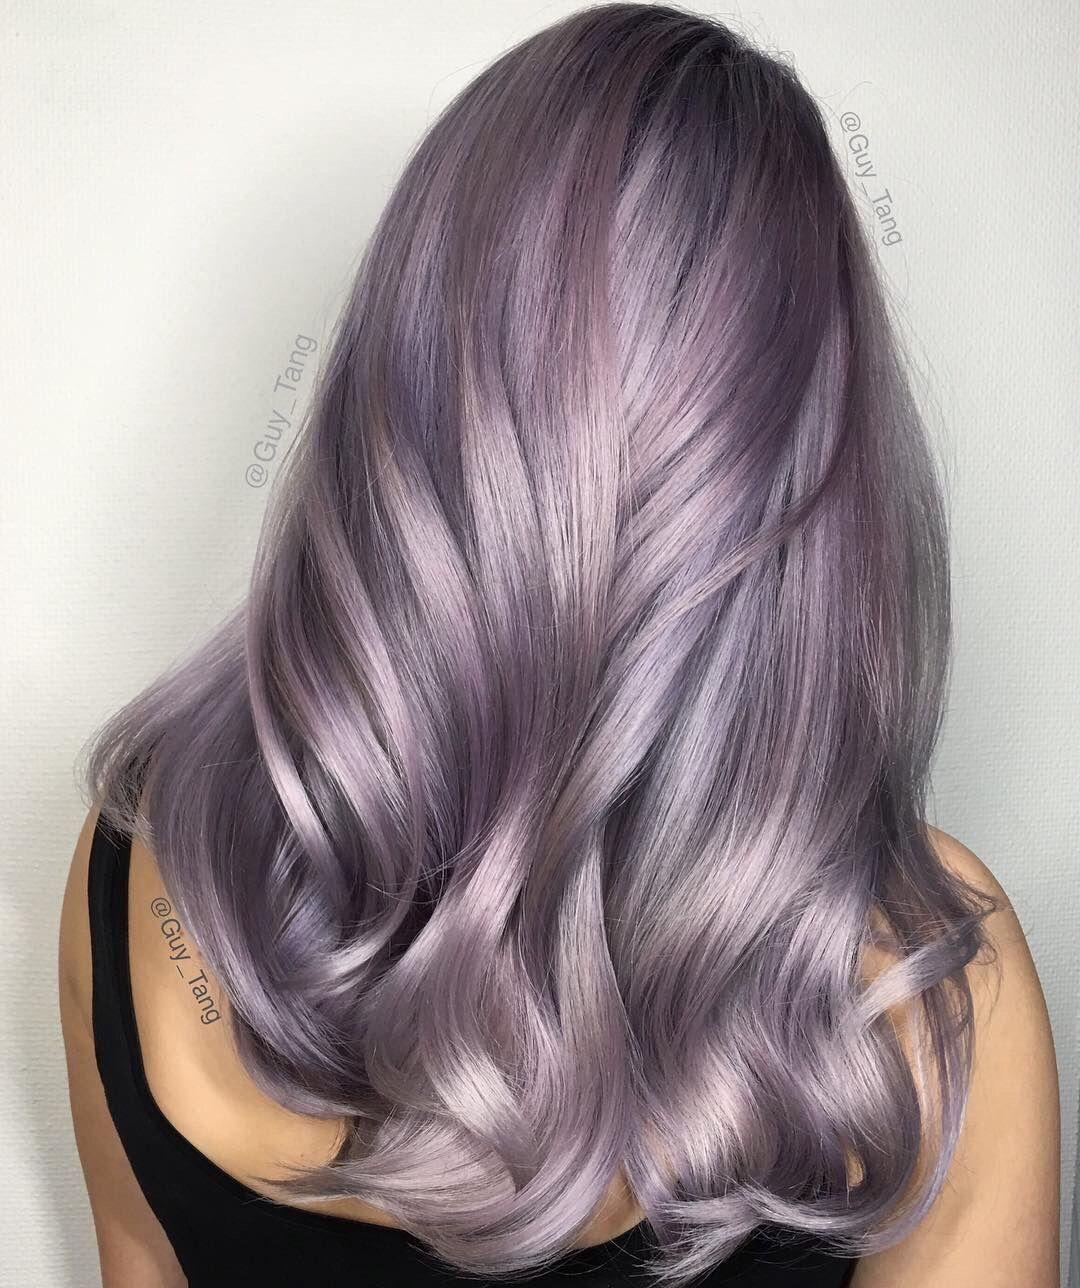 Pin by Elyssa Bradford on hair | Pinterest | Hair coloring, Hair ...
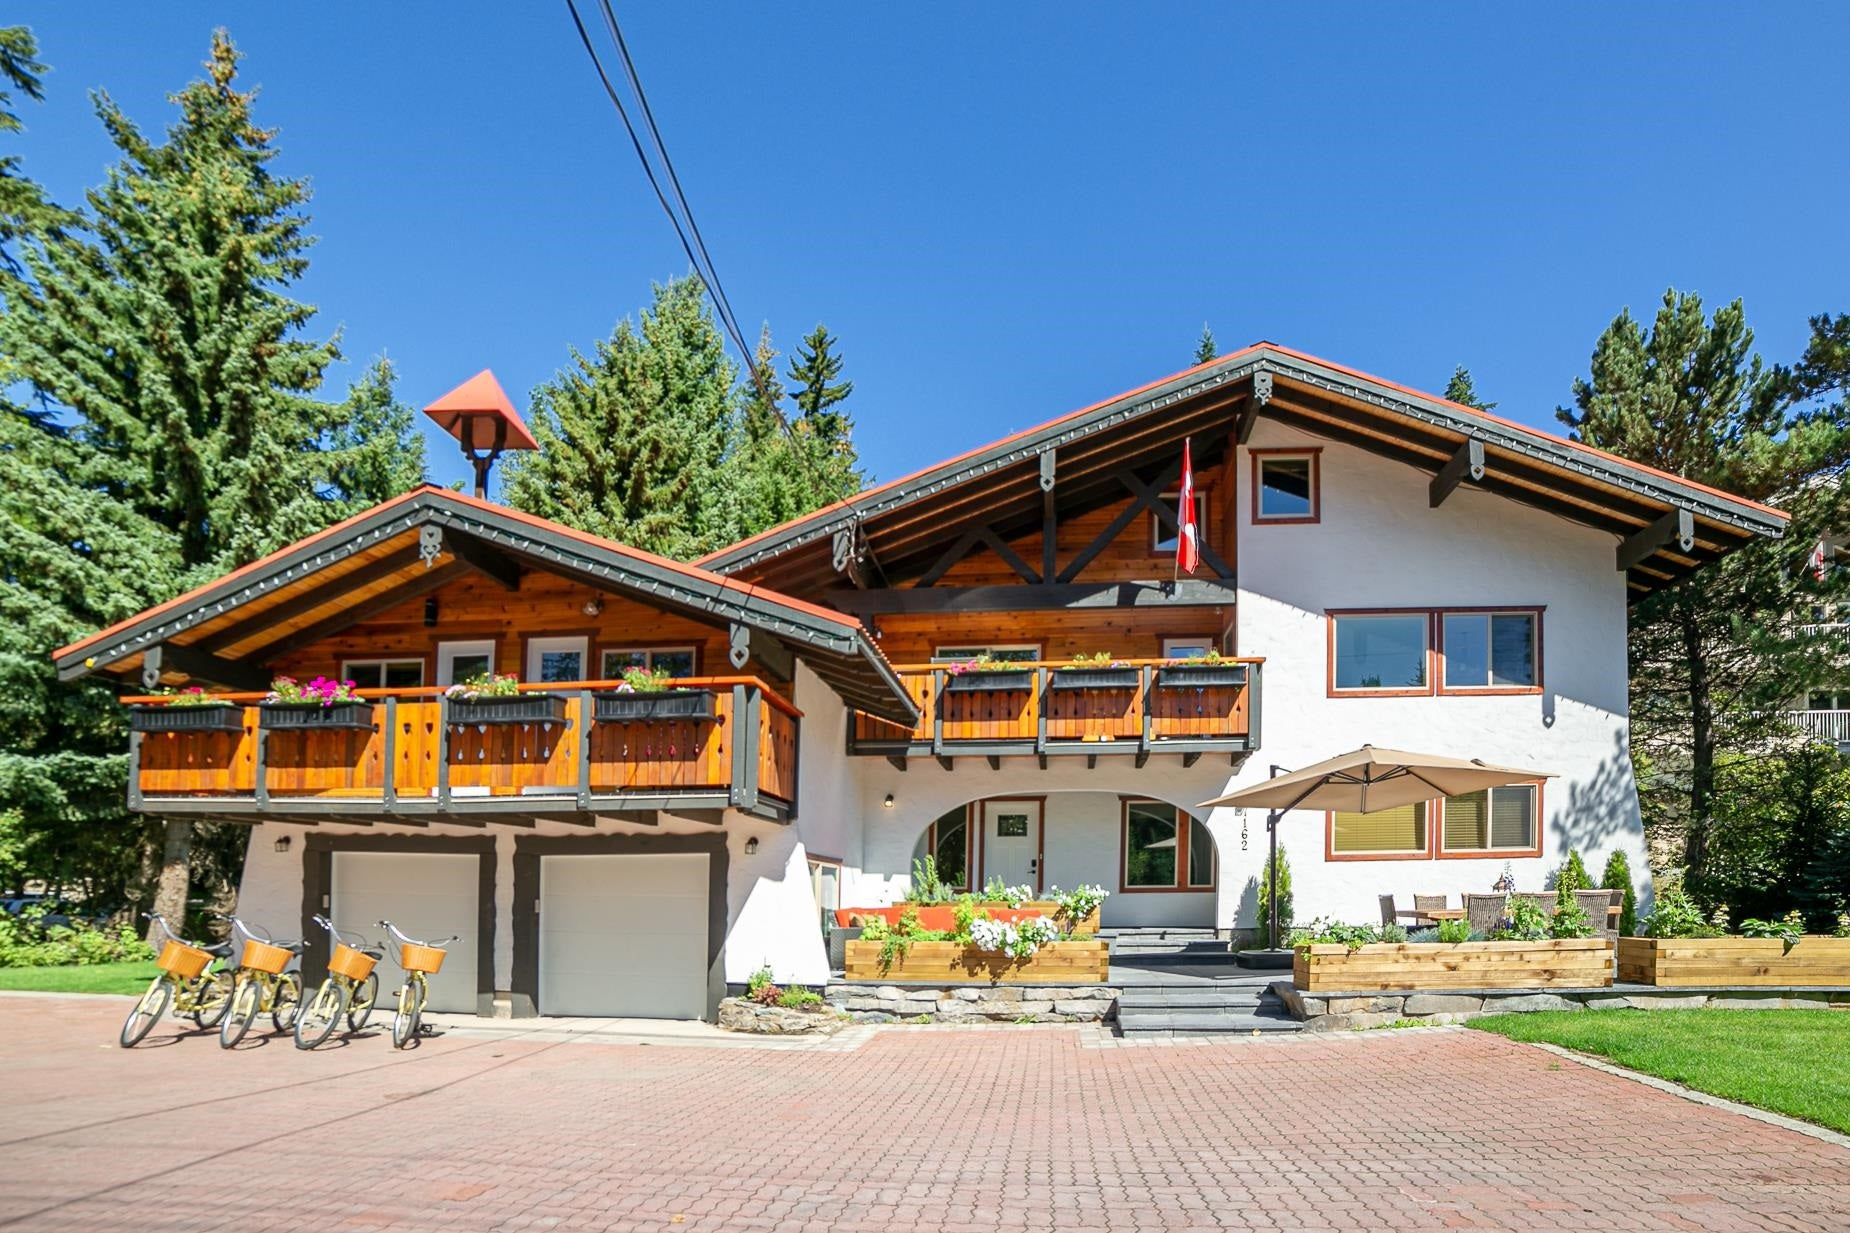 7162 NANCY GREENE DRIVE - White Gold House/Single Family for sale, 8 Bedrooms (R2614539)
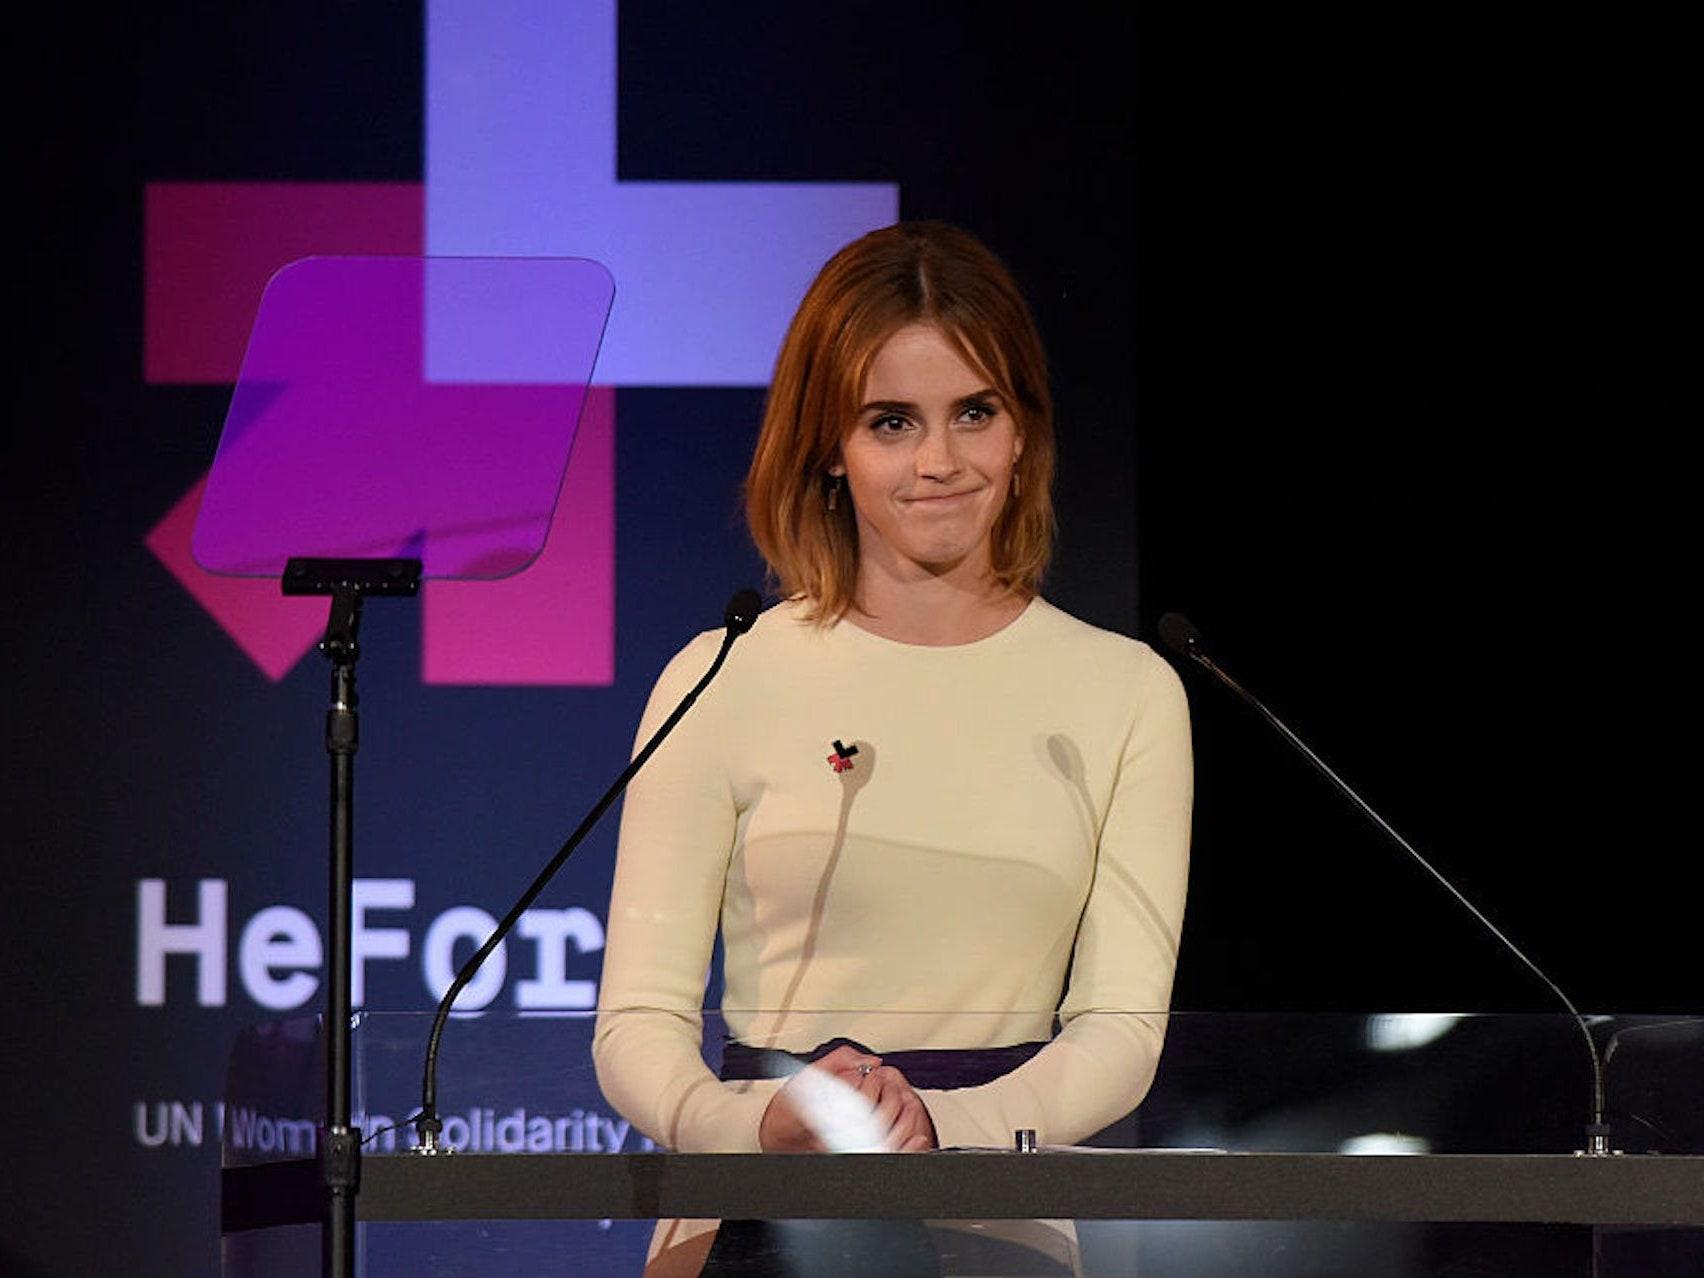 Emma Watson Icloud Leak photo 5
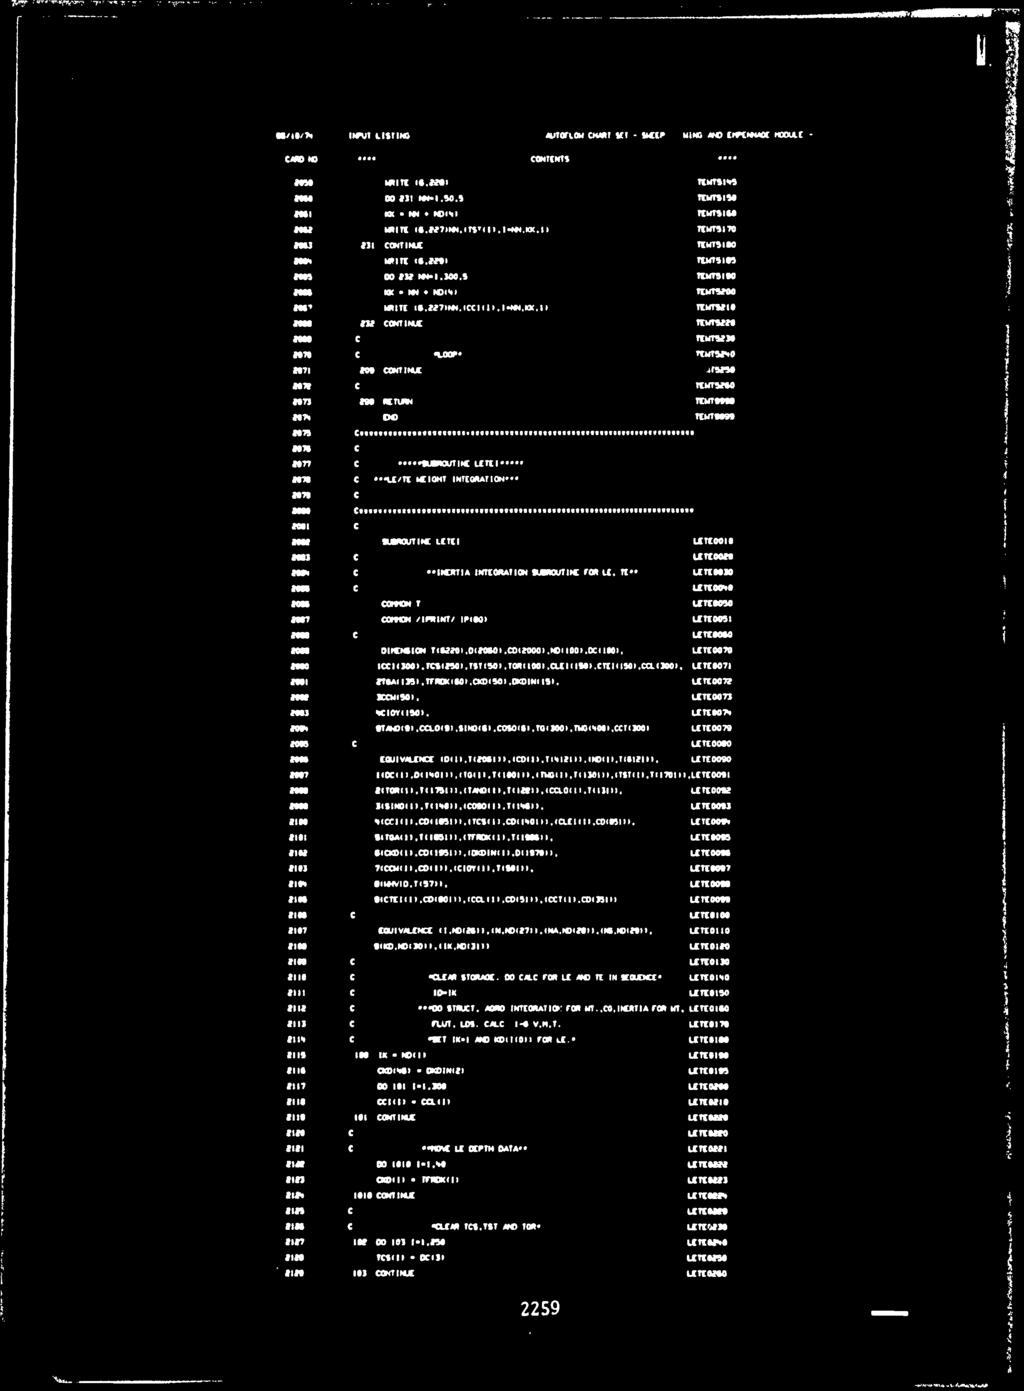 aton demo konts

*ACTIVITY*
Retype the data above exactly; pictures are not part of the copy.

*SOLUTION BELOW*
 Pin by Elyssa Bradford on hair | Pinterest | Hair coloring, Hair ...
 7162 NANCY GREENE DRIVE - White Gold House/Single Family for sale, 8 Bedrooms (R2614539)
 Emma Watson Icloud Leak photo 5
 aton demo konts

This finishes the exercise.